Because of this openness, when Dima was placed in my lap for the first time, I did not shy away from him because he had cerebral palsy. Instead, my heart melted with love. He was 2 1/2 years old, weighed only 15 lbs. and could not even walk — but none of that mattered. I knew he was mine! My heart overflowed with joy as I whispered in his ear that I wouldn’t be leaving Ukraine without him. My husband had a similar experience with our younger son, Leks. Leks was 20 months old, weighed 14 lbs., and was also diagnosed with cerebral palsy. He couldn’t hold his head up, had no use of his arms or legs, and, according to the orphanage doctors, he was blind. This did little to detour my husband from opening his heart to this little guy even though Leks pee’d all over him when they unwrapped him on his lap!

We had the opportunity to meet many children at the orphanage that day and would have loved to take all of them home with us if it had been possible. One girl in particular left an impression on us that would stay with us as we traveled back to the United States. Her name was Lena. She was beautiful with a head full of fine, curly blonde hair, a huge smile, and legs obviously affected by cerebral palsy. While we left the Ukraine with only our two little boys, we carried the memory of this sweet little girl with us as we headed home.

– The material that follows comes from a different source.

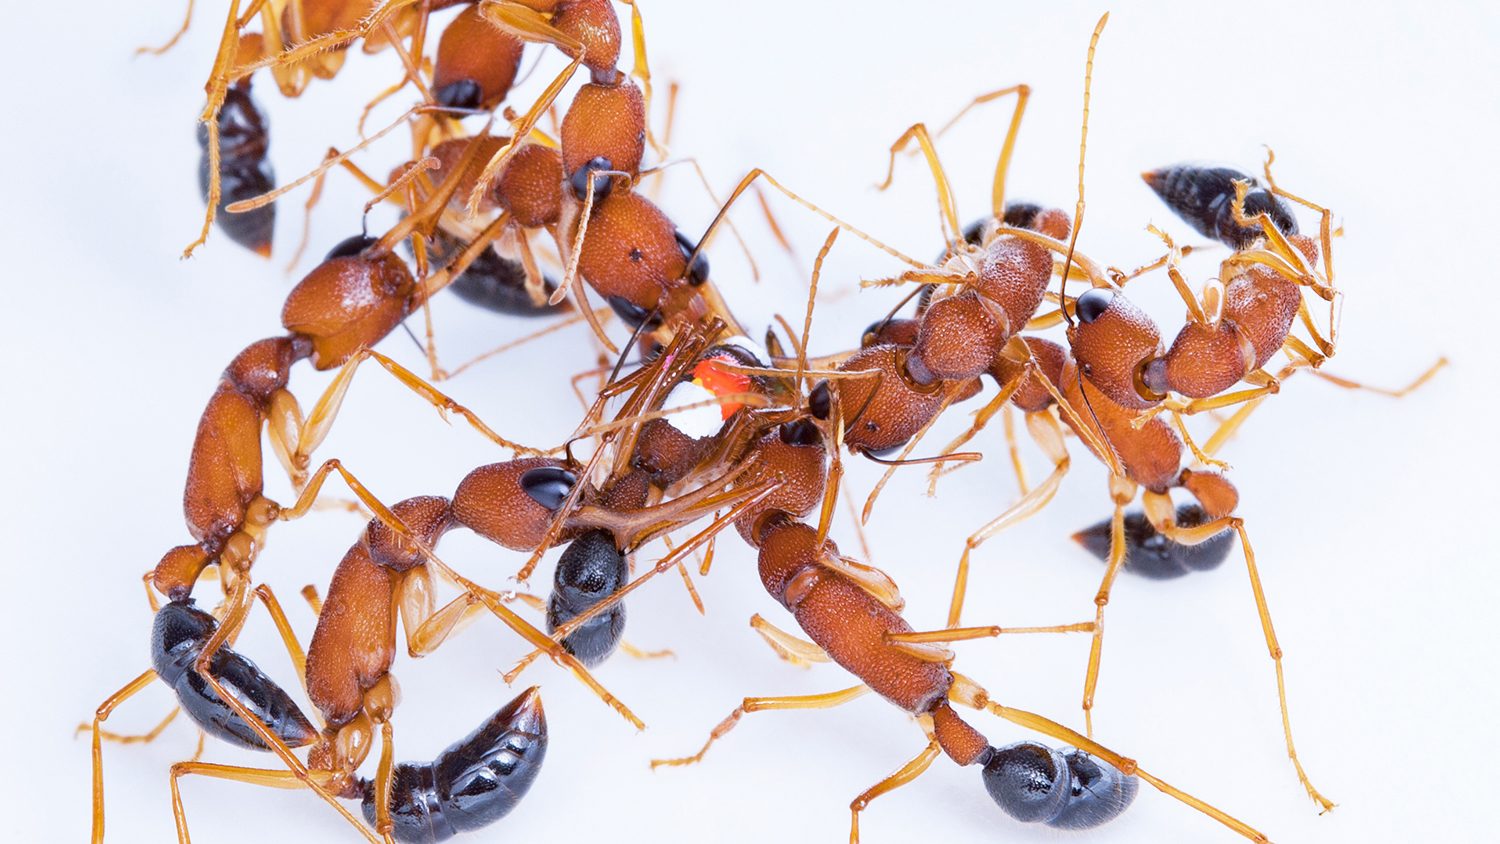 Ants on white background

During the first 3 years at home with our boys, I requested and received news about Lena from non-profit workers and adoptive families traveling to the orphanage. In June of 2005, we found out that Lena had aged out of the baby orphanage and was going to be transferred to an institution due to her cerebral palsy. This was very sad and frightening news. We were all too aware that children transferred to the institution did not receive any type of education and, due to very poor living conditions, usually died within a year. This was heartbreaking to hear because although Lena was not yet our daughter, we still loved her.
It didn’t take long for my husband Jimmie and I to make the decision to adopt Lena. We raised the funds to adopt her in just four short months, and when we were reunited with Lena, the joy on her face confirmed that we had made the right decision. She was used to calling her caregivers Mama, but after our first meeting, that special name was reserved only for me. I felt blessed and proud to carry that title. After 28 days in Ukraine, we arrived home and united our family for the first time. It was amazing to watch the boys and Lena interact. They accepted her as if she had always been a part of our family, and she acted as if this had always been her home, never looking back.

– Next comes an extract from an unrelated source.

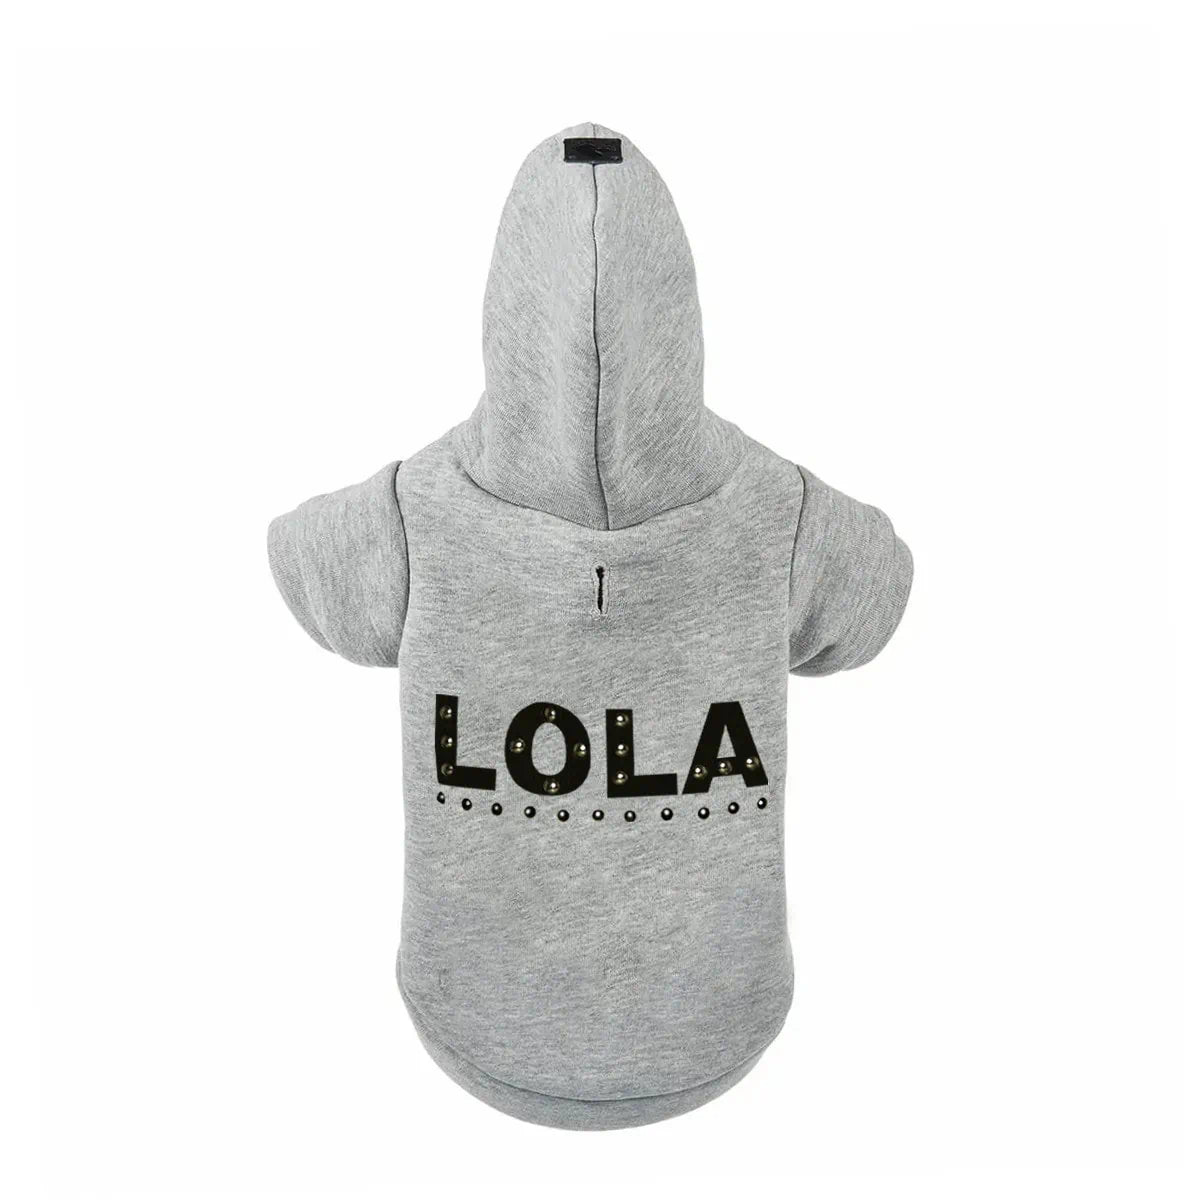 Hoodie for Bulldog with studs - Customizable with name.

Even though our children were all adopted from the same orphanage, they had never been in the same rooms, essentially making them strangers. It was truly a miracle to see how our family became one when Lena came home. It was as if we were always meant to be together.

Recently, my grandfather passed away. Their individual reactions summed up their personalities and what makes me so proud of each of them. Dima asked if Grandpa Ezra was in Heaven now and, “How long did it take him to get there?” My daughter Lena was sad and said her heart was breaking and wanted to know how many pieces my heart was in. My youngest, Leks was immediately concerned about his Grandma Lois and wanted to make sure she was okay because Grandpa was no longer with her.

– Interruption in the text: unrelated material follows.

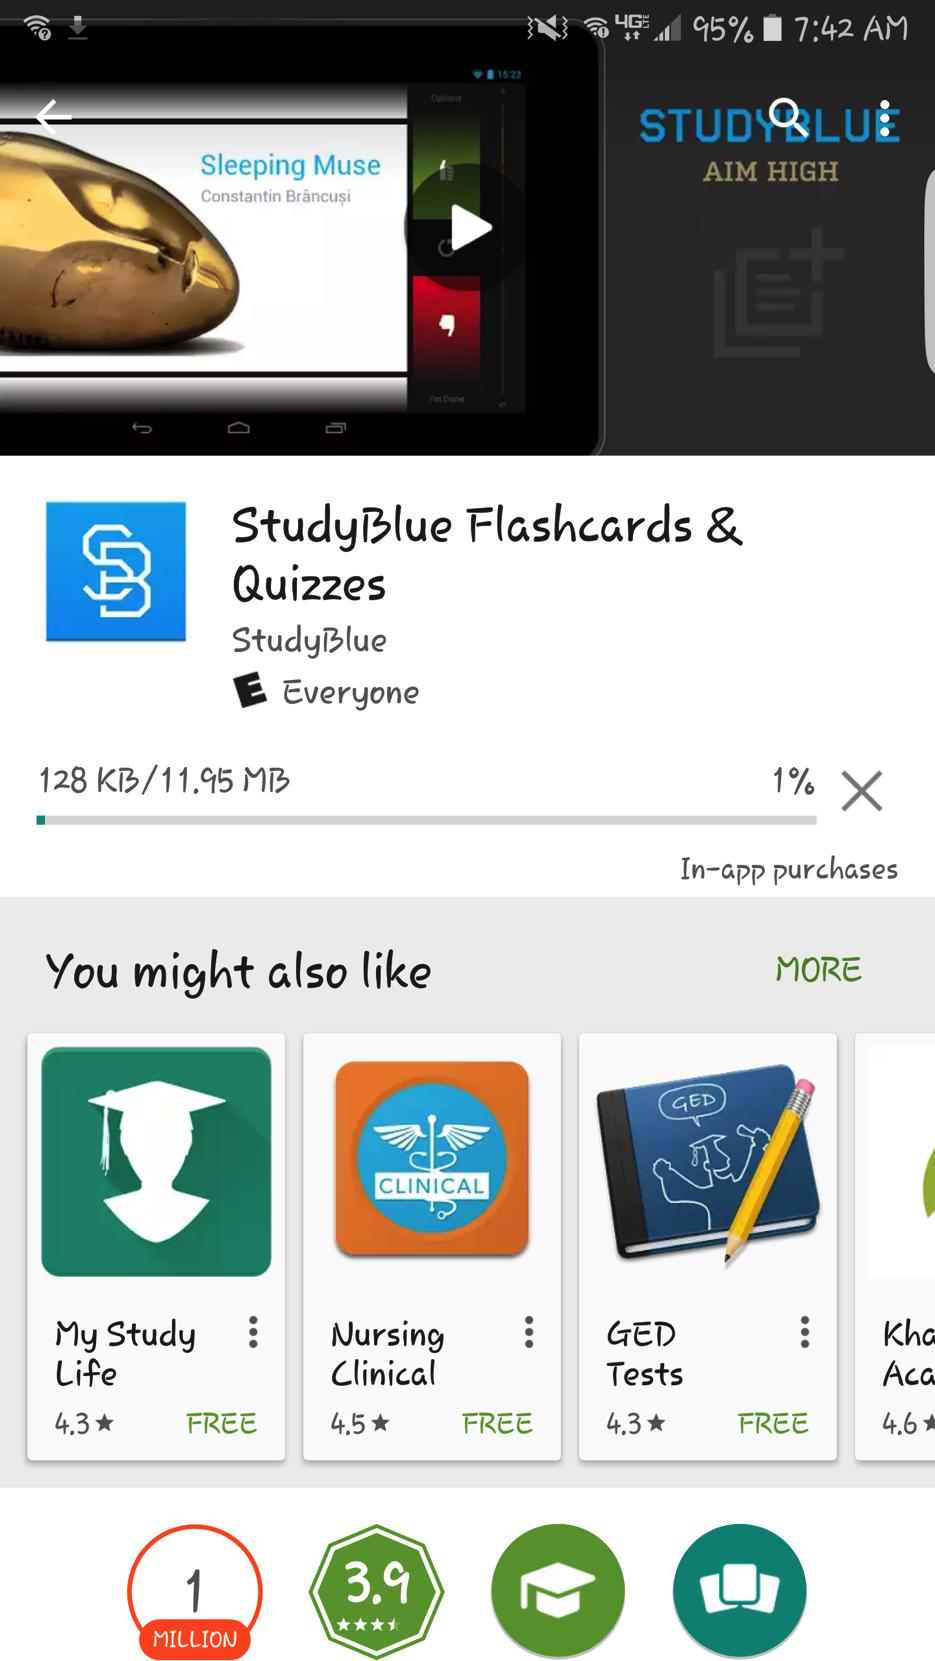 Studyblue on Phone Just a reminder that you can access anything I will be showing you on your smartphone or tablet.

A few weeks after arriving home, I received word that the orphanage director was looking to better the lives of the special needs children in the orphanage. He asked for any information I could provide on the therapies that our children received. I spoke with Leks’ physical therapist, Kym Hannah, co-owner of Children’s Therapy T.E.A.M. about the possibility of taking a trip to Ukraine. She was immediately interested, so in March of 2006, Kym Hannah, Karen Hairston, and I travelled to Ukraine to work with the children. That trip was monumental because not only were we able to make a lasting impact with the way the special needs children in the orphanage were viewed and worked with, Kym and Karen also met their future “adoptee” children who also have cerebral palsy.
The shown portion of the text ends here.